Hizo una pausa para verificar que Jonás no tenía intenciones de interrumpirla. Y entonces, dijo:

—Hay otro tipo de expedientes. Son expedientes que no van por sistema. Son privados, jerárquicos, secretos. Porque los burócratas son así, para guardar un secreto, lo ponen en un expediente. ¿Sabés cómo te das cuenta de que un expediente es secreto? Porque no tiene un dígito verificador. Tiene una letra.

La pared en la nuca de Jonás se volvió aún más helada.
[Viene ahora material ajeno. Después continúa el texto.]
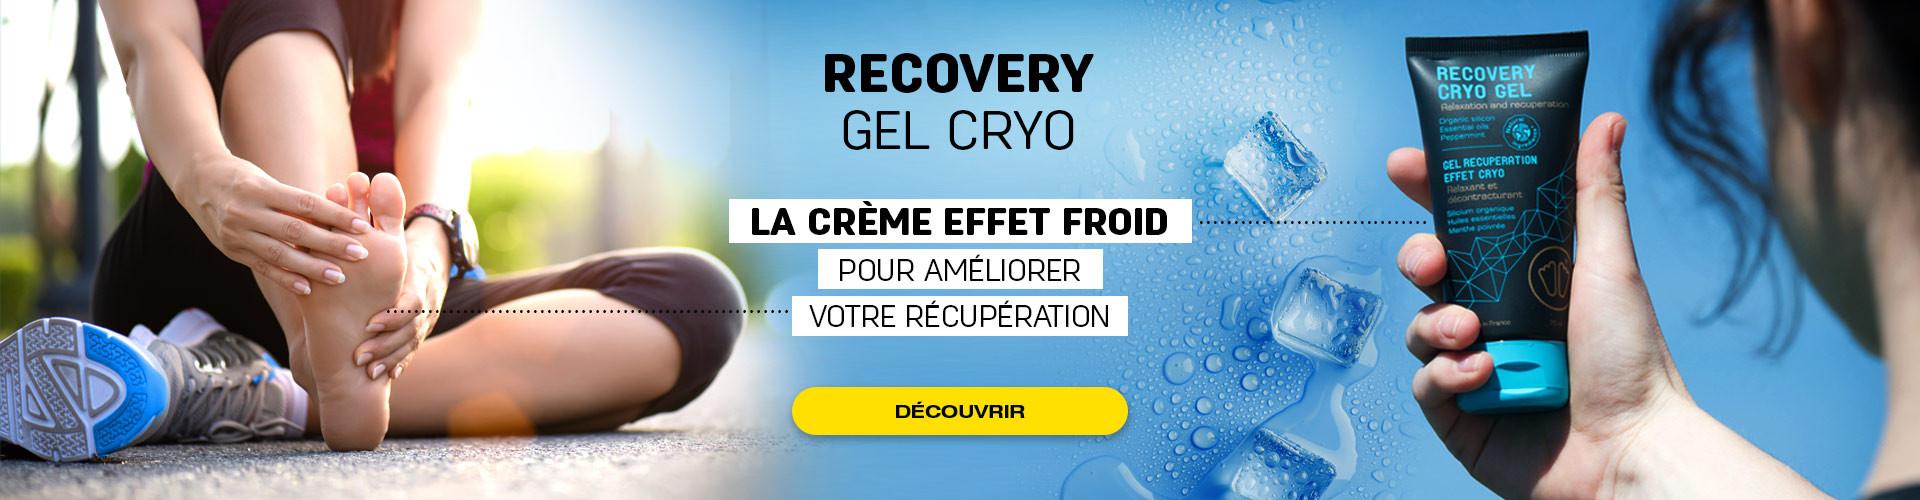 La crème cryo pour vous aider à récupérer et éviter les courbatures après vos séances de sport

De pronto, parecía sentir cada mínima protuberancia de la pintura, cada punto de contacto, como si los ladrillos se hubieran endurecido cuando en realidad eran los músculos en la base del cráneo los que de golpe se habían puesto rígidos.
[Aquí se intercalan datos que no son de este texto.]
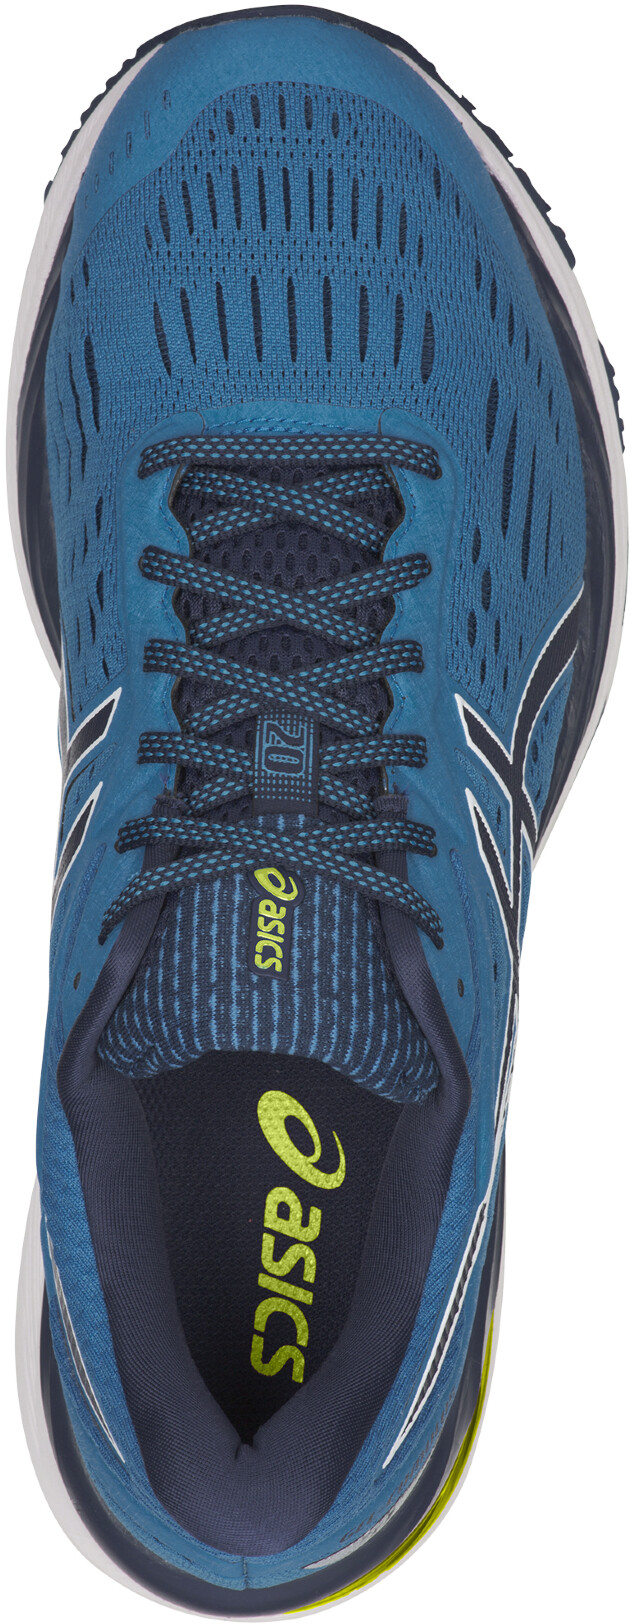 Asics Running Chaussures Sur 20 Cumulus Campz Gel Bleu Homme 1wAZ1xr

—No es un cuatro y no es un nueve —siguió Helena—. Es una “A”. Nos tienen a todos repitiendo que el dígito verificador es para que el sistema pueda procesar las bases de datos, y en realidad es para que el sistema no pueda procesar ninguna otra cosa. Es una medida estúpida, pero efectiva. Supongo que eso la hace menos estúpida.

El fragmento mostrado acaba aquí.